# Just got this one!!



## TheDogSlayer1 (Dec 15, 2006)

Went out and made one set tonight. It was clear and -1 degrees with a 15 mph wind (COLD) about -22 windchill. Called in 2 but only got the second one. Couldn't get the first one stopped before he got my wind at 50 yds. finally got the second one stop by yelling at him. Shot it at 30 yards. The light in the sky in the picture is the moon at about 12:30 am.


----------



## Fallguy (Jan 23, 2004)

Nice job calling! That is one cool picture with the moon like that.


----------



## jonesy12 (Apr 1, 2008)

That is an awesome picture with the moon! Nicely done :beer:


----------



## blhunter3 (May 5, 2007)

Good job.


----------



## R Buker (Oct 29, 2005)

Good job. Too bad about the first one but you redeemed yourself!


----------



## Plainsman (Jul 30, 2003)

Even without the moon that is a super picture, and a nice coyote. I seen your pic with that big boy yesterday. We havn't talked enough for me to give you a bad time and you might have taken it wrong, but I had to bite my tongue all day to not ask " how tall are you about 4 ft 11 inches" lol. 

I have never used my photoshop. Perhaps because I am no good at it, and it just isn't as much satisfaction as the real McCoy. However, just for a fun picture a bigger moon would be neat. Try one of these if you want to.








photoshop this into the pic. Maybe something smaller, but I only have larger. 

Here is a smaller one, but without the black surround it would be harder to photoshop.










It's a daytime photo, but I lied to the camera.


----------



## papapete (Jan 2, 2005)

hows this?


----------



## faithsdave (Jan 8, 2004)




----------



## barebackjack (Sep 5, 2006)

papapete said:


> hows this?


Caption: Moondog hunting on the ice moons of Jupiter.


----------



## Plainsman (Jul 30, 2003)

papapete

Your an artist, it matches his little eyes.  eeer eye.
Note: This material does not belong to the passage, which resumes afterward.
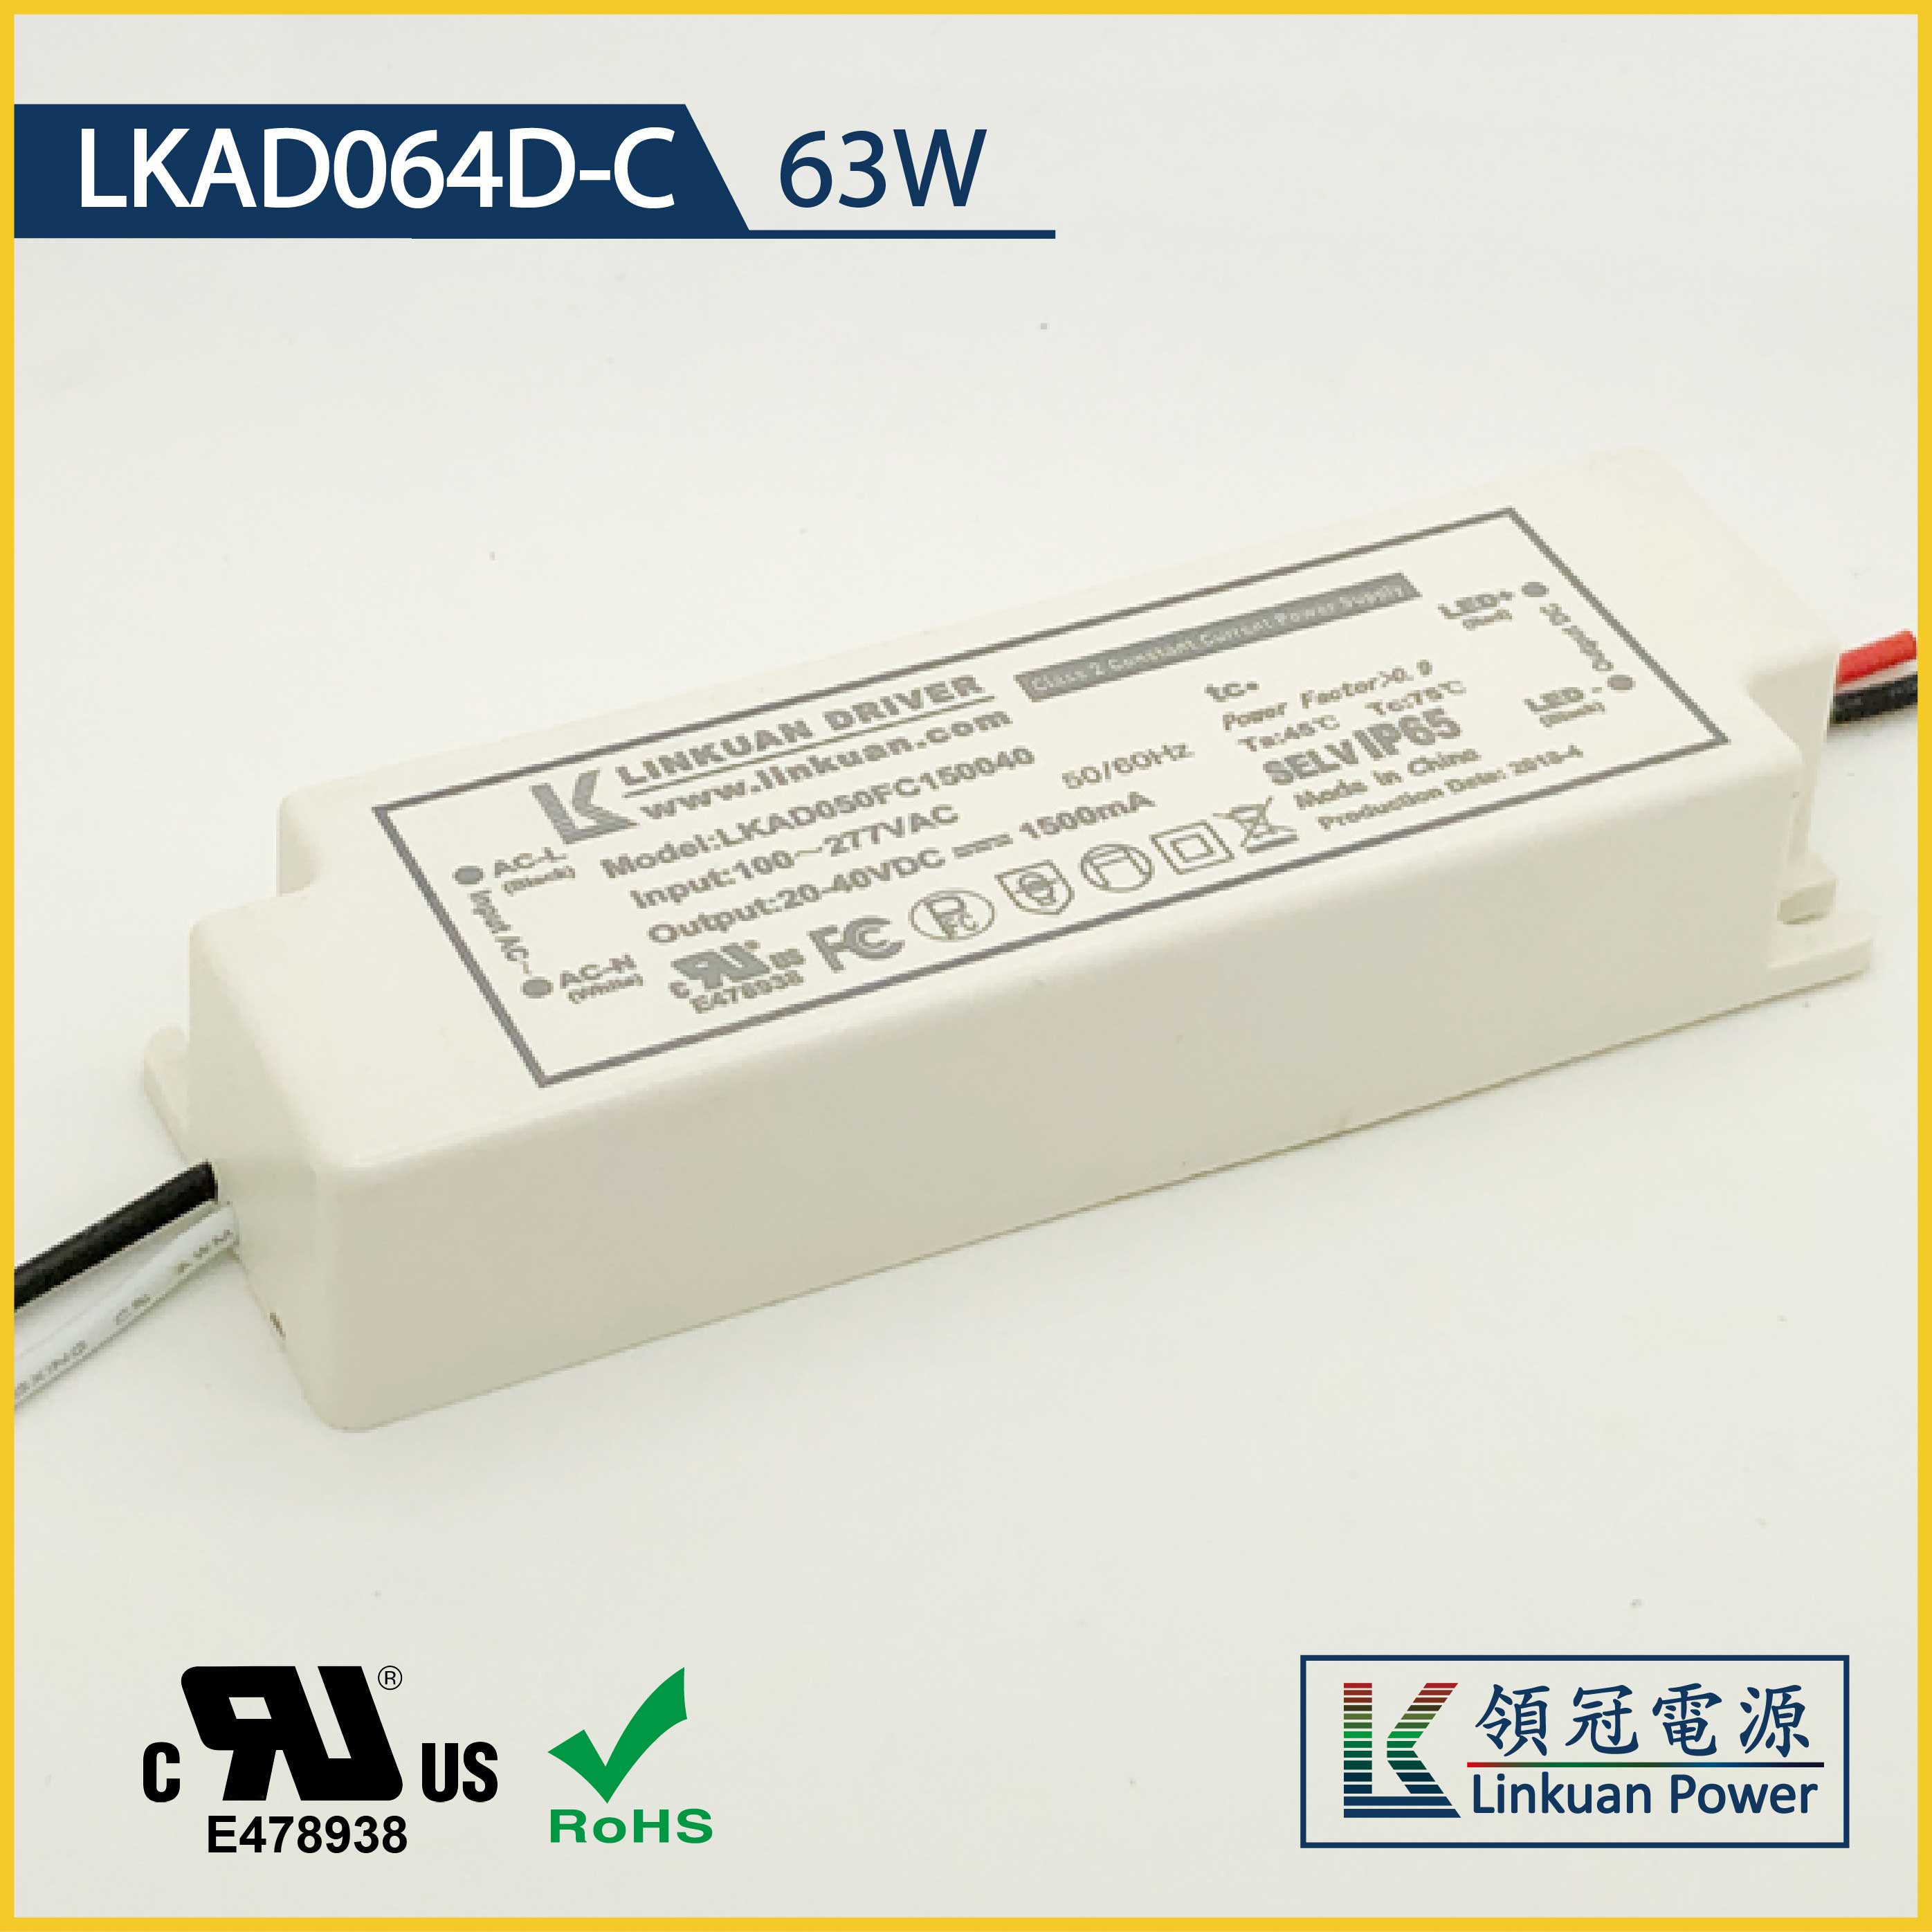 LKAD064D-C 63W 20-42V 1500mA 0-10V Dimming LED drivers
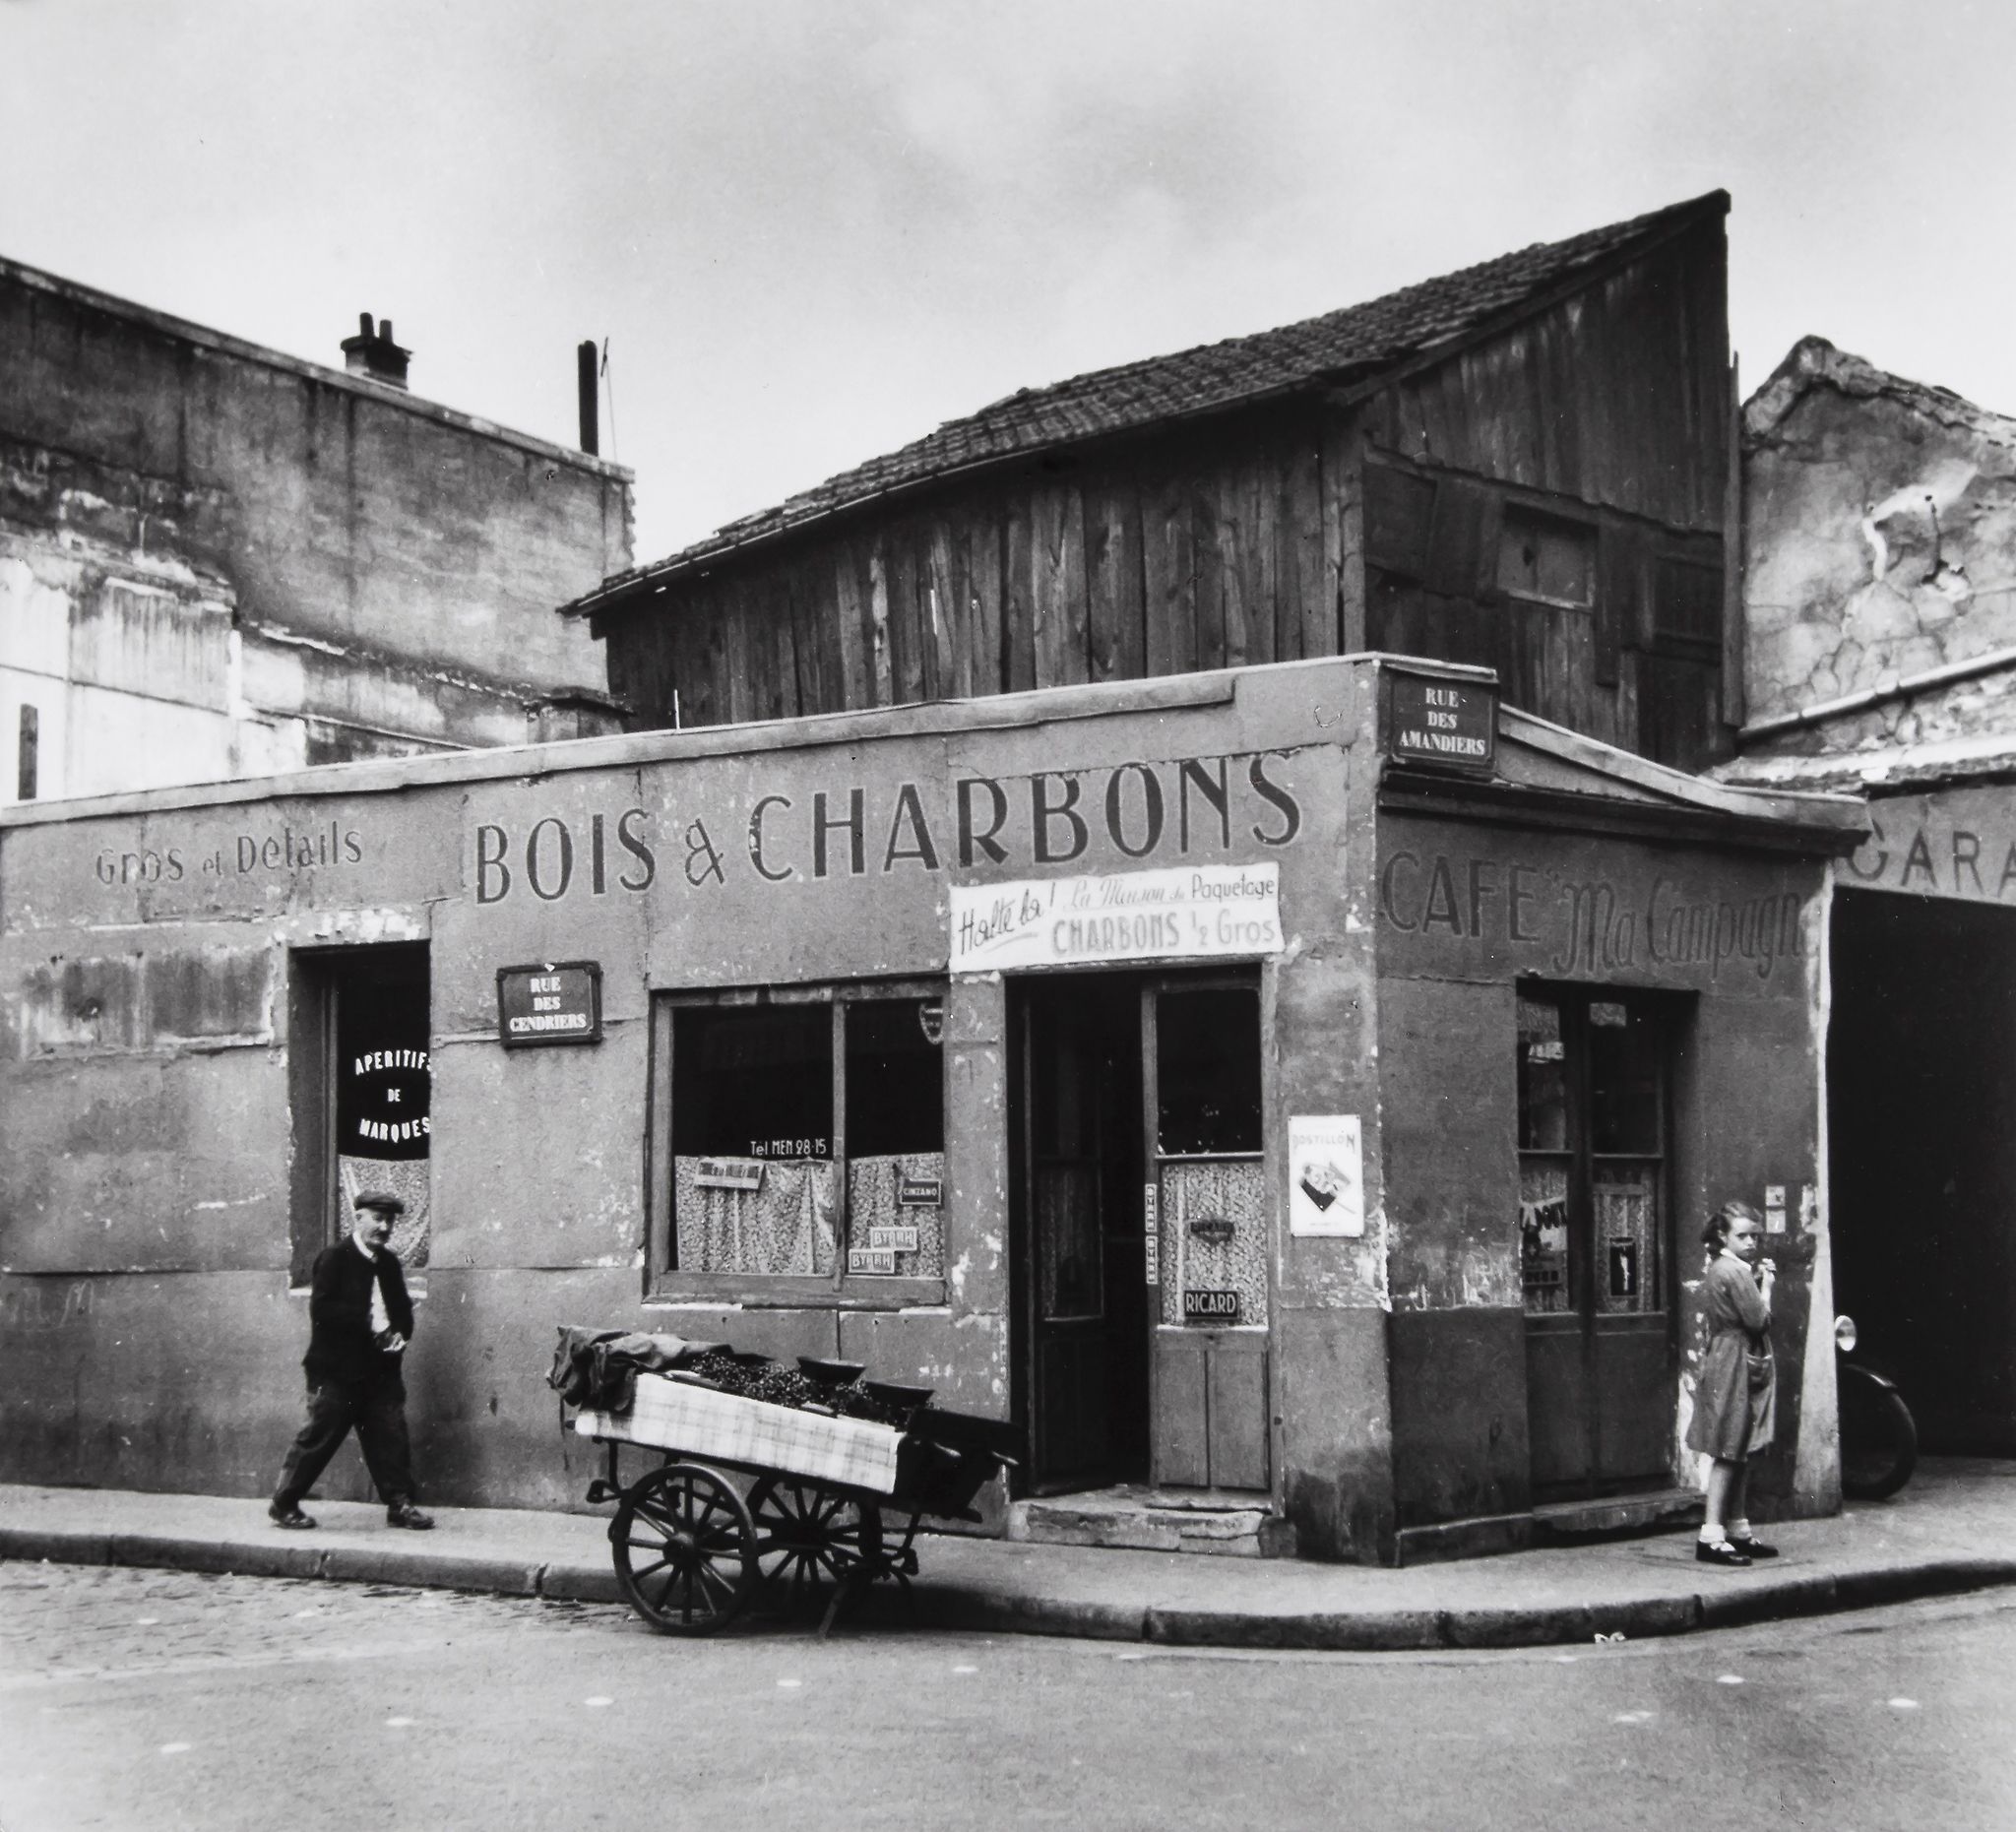 Café "Ma Campagne", à l'angle de la rue des Cendriers et de la rue des Amandiers

bareback, it sort of looks like the dark side of Callisto doesn't it?










Sorry this is getting hijacked. I'll end it here with saying the original is worthy of publishing along with a story in an outdoor magazine.


----------



## Fallguy (Jan 23, 2004)

Plainsman said:


> papapete
> 
> Your an artist, it matches his little eyes.  eeer eye.


LOL he actually IS an artist. Papapete has some sort of art college degree. What is it in actually again? Come on...don't be shy!


----------



## papapete (Jan 2, 2005)

mostly stick figures and crayons.


----------



## Fallguy (Jan 23, 2004)

papapete said:


> mostly stick figures and crayons.


Hey I could actually graduate in that program! :lol:


----------



## xdeano (Jan 14, 2005)

I bet you ate the glue too. :lol:

xdeano


----------



## gsehnter-bloms (Dec 16, 2007)

Nice pic!


----------



## bowhunter199 (Jan 8, 2009)

nice bro check this one out:beer: :sniper:


----------



## sonic (Mar 9, 2007)

looks a little stiff


----------



## bowhunter199 (Jan 8, 2009)

he froze it was -10 out that day


----------



## gsehnter-bloms (Dec 16, 2007)

Nice! How close did he get?


----------



## TheDogSlayer1 (Dec 15, 2006)

Plainsman, I have no problem with poking a little fun. No, I'm not 4'11", I'm actually 5'10" and weigh 190 lbs. and no photoshop work done on that picture of the big coyote. Nice photoshop with the big moon and the coyote!


----------



## nosib (Dec 4, 2008)

congrats


----------



## bowhunter199 (Jan 8, 2009)

32yds and my carbon express maxima with a new archery products nitrion blew rite threw em


----------